Dysregulation of histone acetylation in the APP/PS1 mouse model of Alzheimer's disease

Abstract

Epigenetic mechanisms such as post-translational histone modifications are increasingly recognized for their contribution to gene activation and silencing in the brain. Histone acetylation in particular has been shown to be important both in hippocampal long-term potentiation (LTP) and memory formation in mice. The involvement of the epigenetic modulation of memory formation has also been proposed in neuropathological models, although up to now no clear-cut connection has been demonstrated between histone modifications and the etiology of Alzheimer's disease (AD). Thus, we have undertaken preclinical studies in the APP/PS1 mouse model of AD to determine whether there are differences in histone acetylation levels during associative memory formation. After fear conditioning training, levels of hippocampal acetylated histone 4 (H4) in APP/PS1 mice were about 50% lower than in wild-type littermates. Interestingly, acute treatment with a histone deacetylase inhibitor, Trichostatin A (TSA), prior to training rescued both acetylated H4 levels and contextual freezing performance to wild-type values. Moreover, TSA rescued CA3-CA1 LTP in slices from APP/PS1 mice. Based on this evidence, we propose the hypothesis that epigenetic mechanisms are involved in the altered synaptic function and memory associated with AD. In this respect, histone deacetylase inhibitors represent a new therapeutic target to effectively counteract disease progression.

Fig. 1.

Histone acetylation reduction in APP/PS1 mice. (A) Western blotting of protein extracts from APP/PS1 and WT mice, which were injected with vehicle and TSA 2 hours before training, and euthanized 1 hour after contextual fear conditioning. Vehicle-treated APP/PS1 animals showed a decrease in acetylated H4 levels. However, TSA-treated APP/PS1 mice showed an enhancement of H4 acetylation, reaching the same levels of acetylation as TSA-treated WT mice. Results were normalized against vehicle-treated WT mice. (B) Basal acetylation levels of H4 in APP/PS1 mice and WT littermates, which were exposed to the context without receiving an electrical shock, were similar.
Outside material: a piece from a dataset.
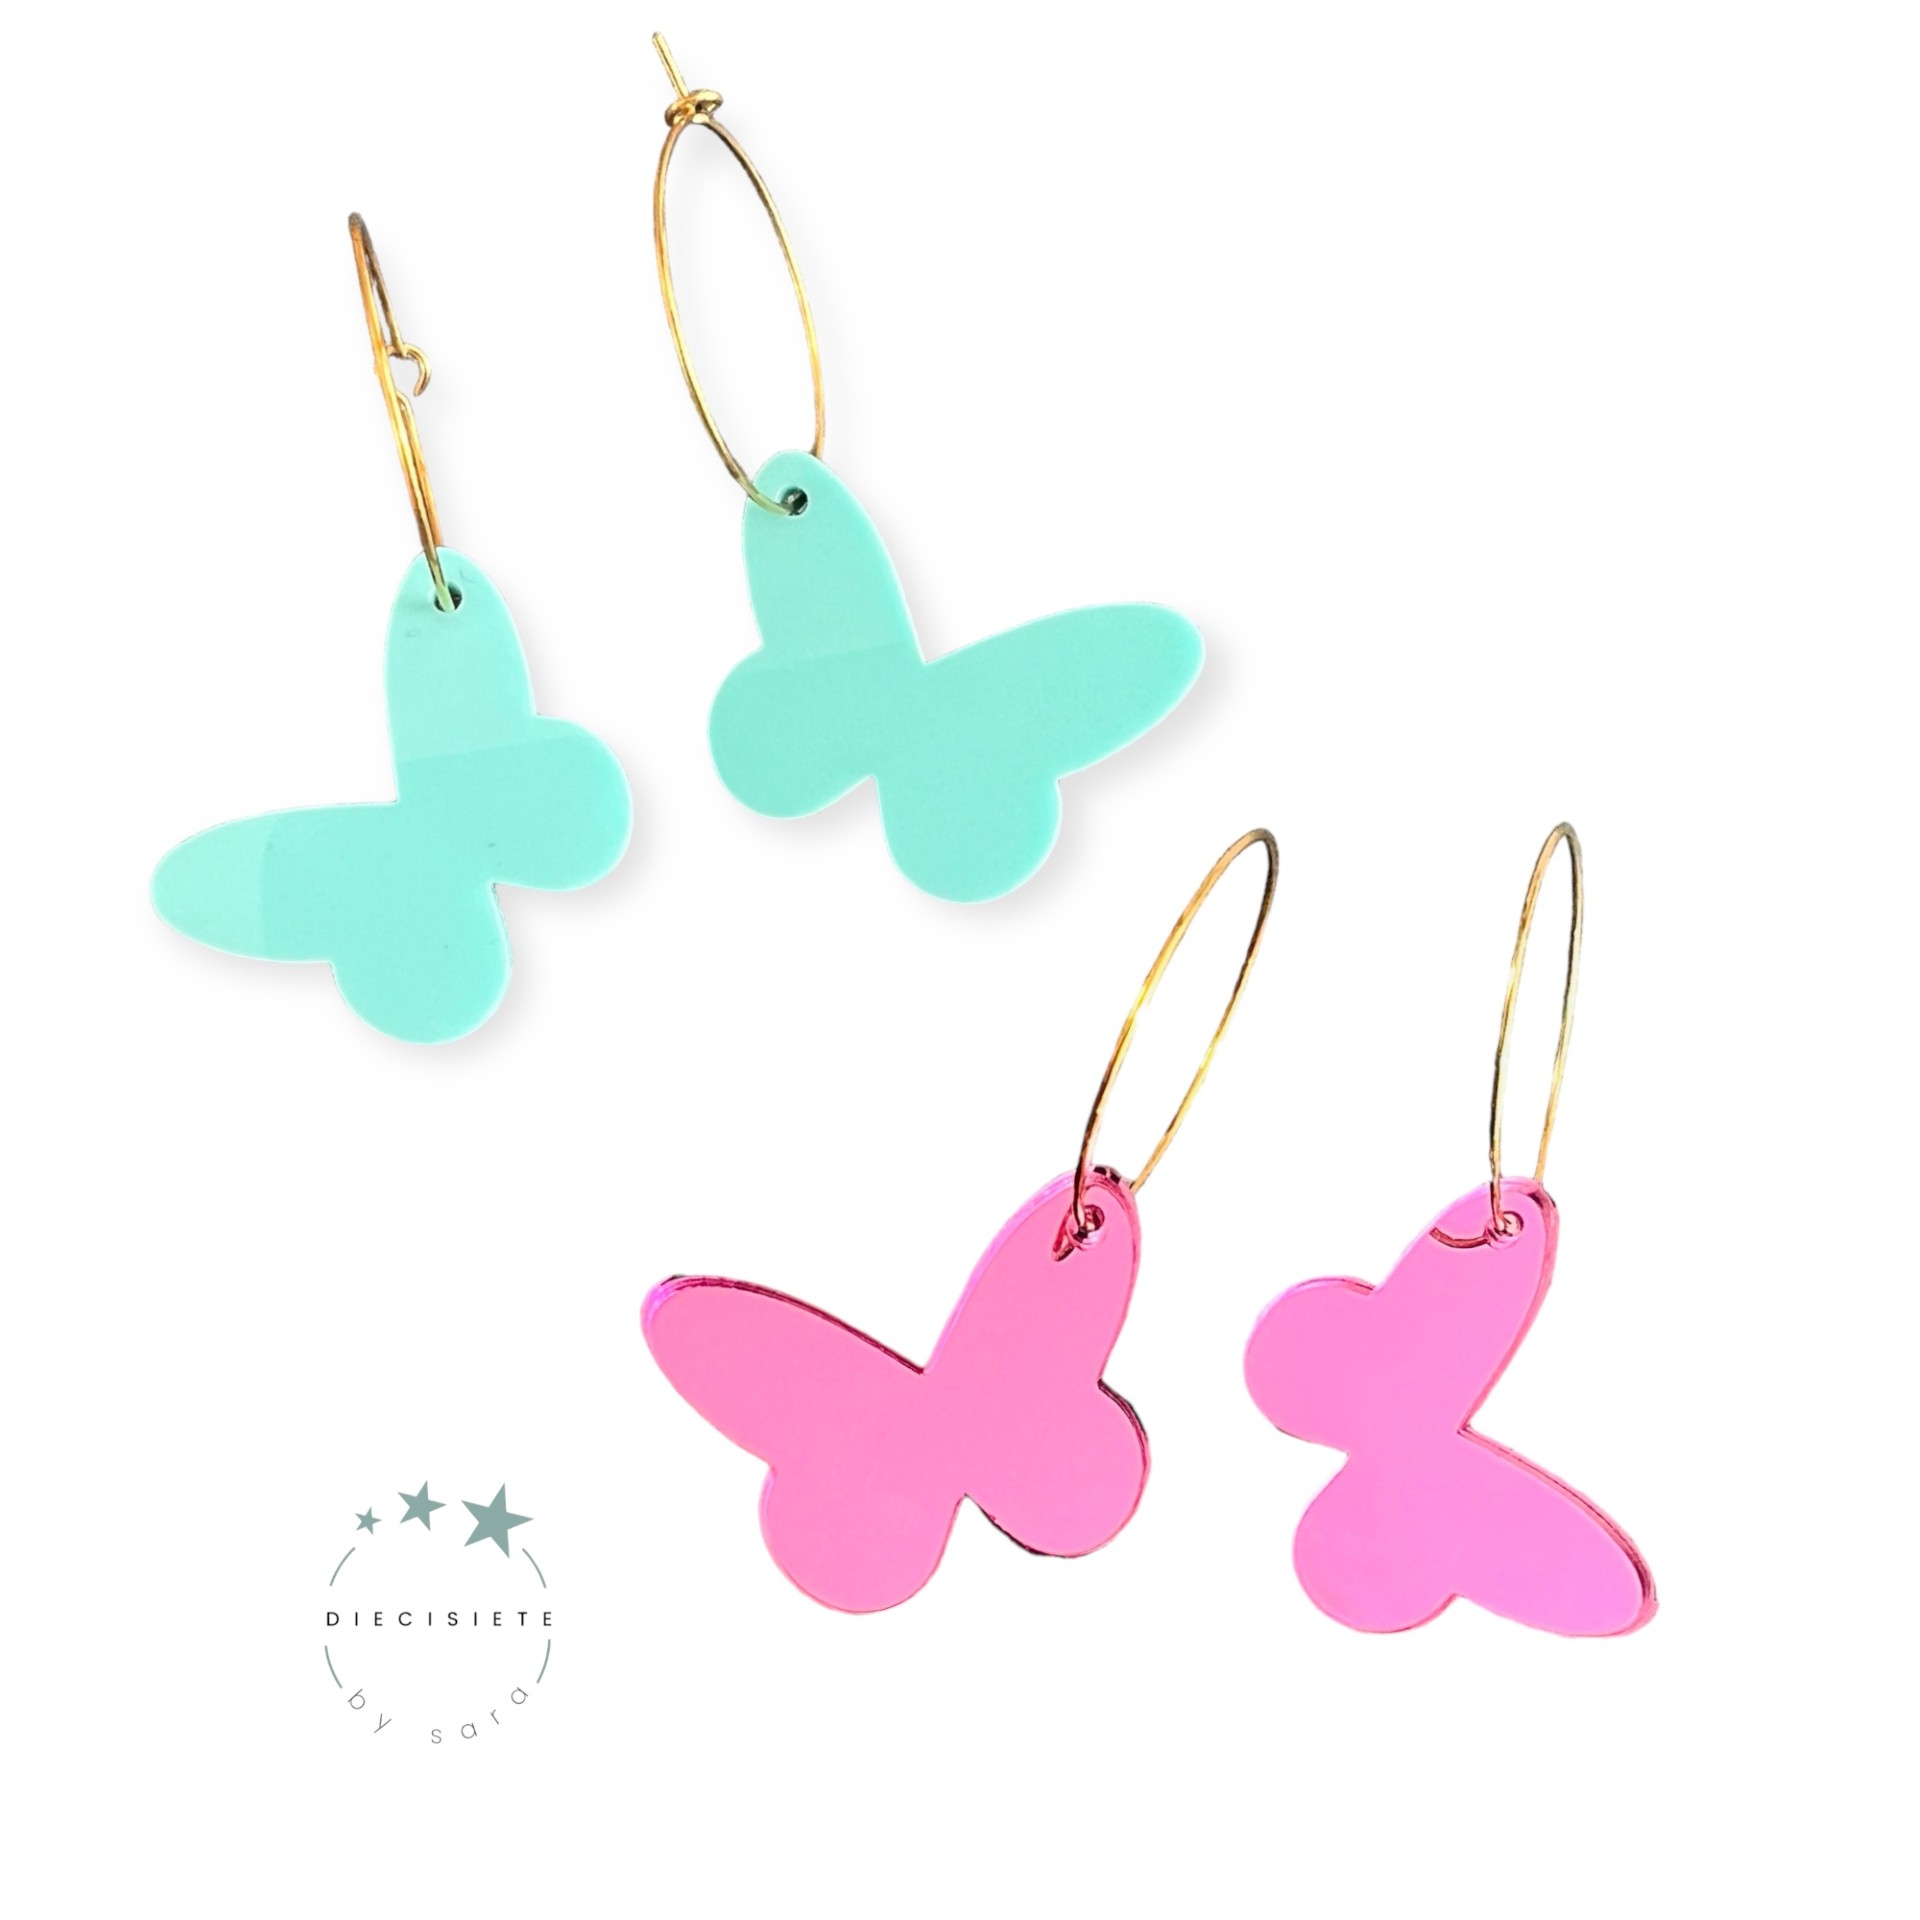 pendientes-aro-dorado-mariposas-color-diecisiete-by-sara-joyeria-acebo
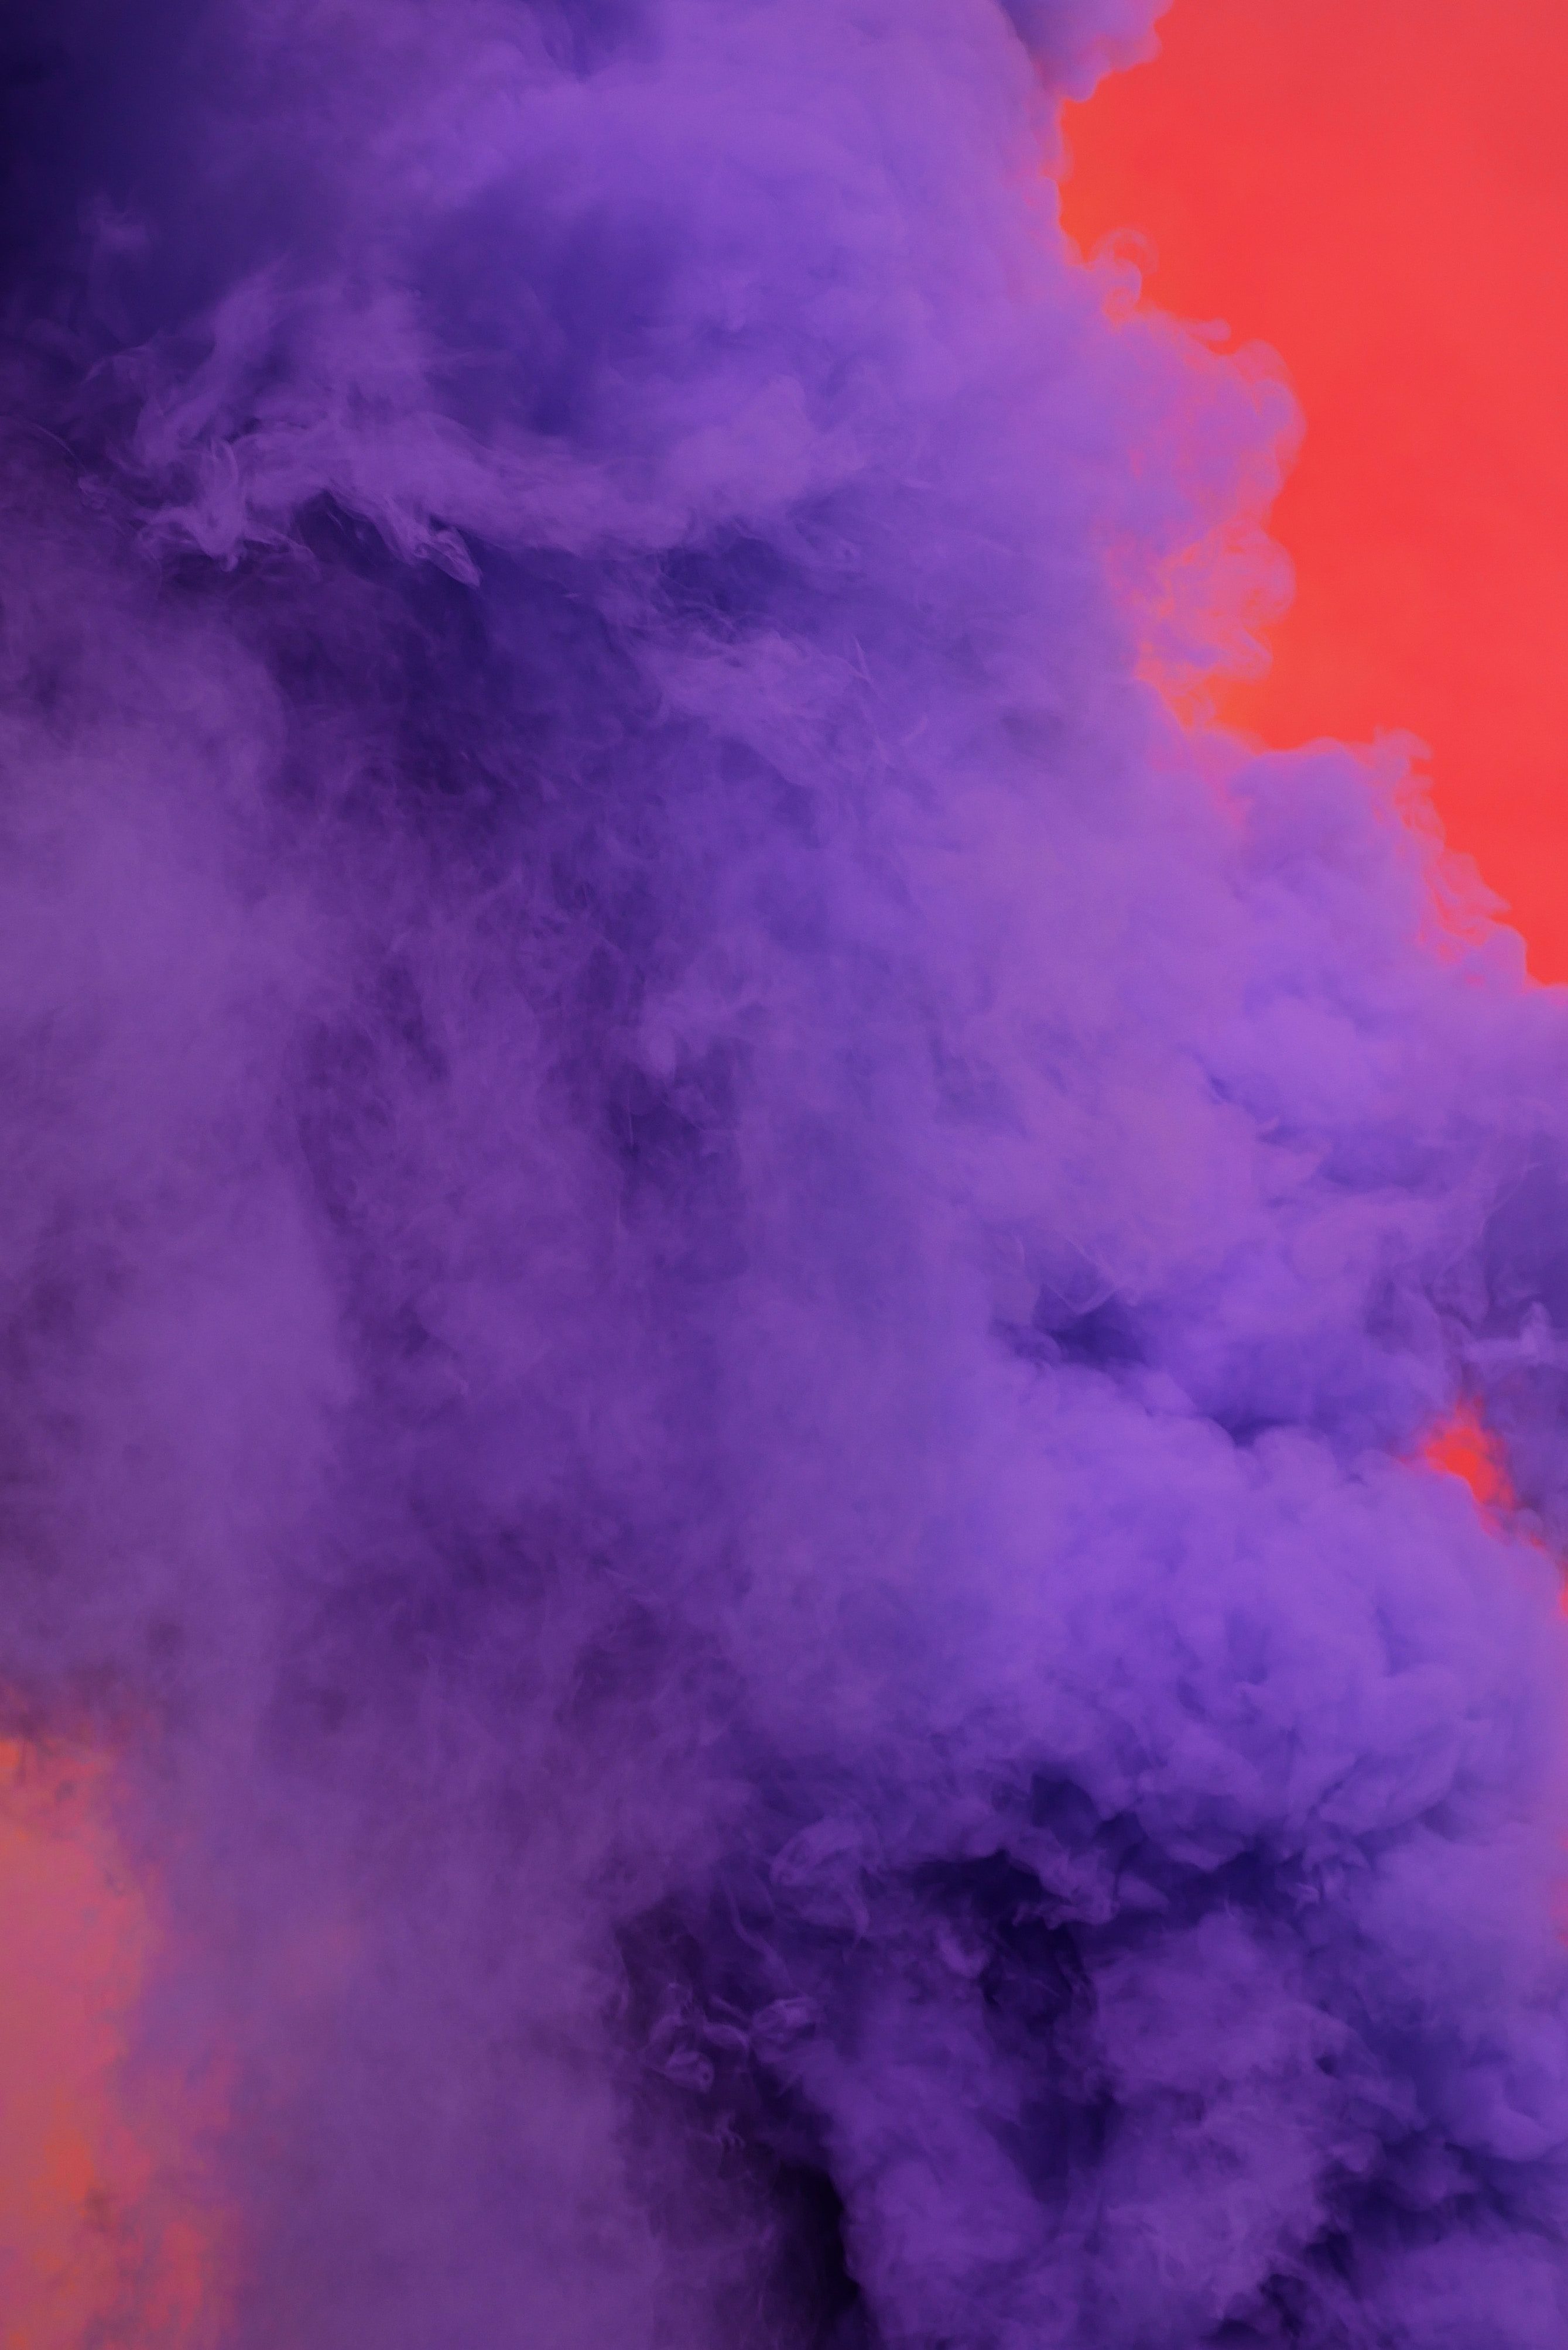 Red And Purple Smoke iPhone Wallpaper  iDrop News

The data shown in (A) and (B) are presented as a ratio of acetylated-H4 to total H4.

Fig. 2.

TSA injection improves contextual fear conditioning performance in APP/PS1 mice. 3 to 4 month-old APP/PS1 and WT littermates treated with TSA or vehicle 2 hours prior to training show no difference in immediate freezing in the training chamber. However, vehicle-treated APP/PS1 mice show reduced freezing responses compared to vehicle-treated littermates when tested for contextual fear conditioning 24 hours after training. Injection of TSA two hours prior to training ameliorates the deficit in freezing responses in APP/PS1 mice after 24 hours but does not further improve freezing in WT mice.

Fig. 3.

TSA reverses CA1-LTP impairment in slices from APP/PS1 mice. (A) Summary graph showing that 30 min perfusion with TSA abrogates LTP impairment in 3–4 month old APP/PS1 mice without affecting the baseline transmission. (B) Summary graph showing that 30 min perfusion with TSA does not affect LTP and baseline transmission in WT mice. These experiments were interleaved with those of APP/PS1 mice. The horizontal bar represents TSA application. The three arrows correspond to the theta-burst stimulation.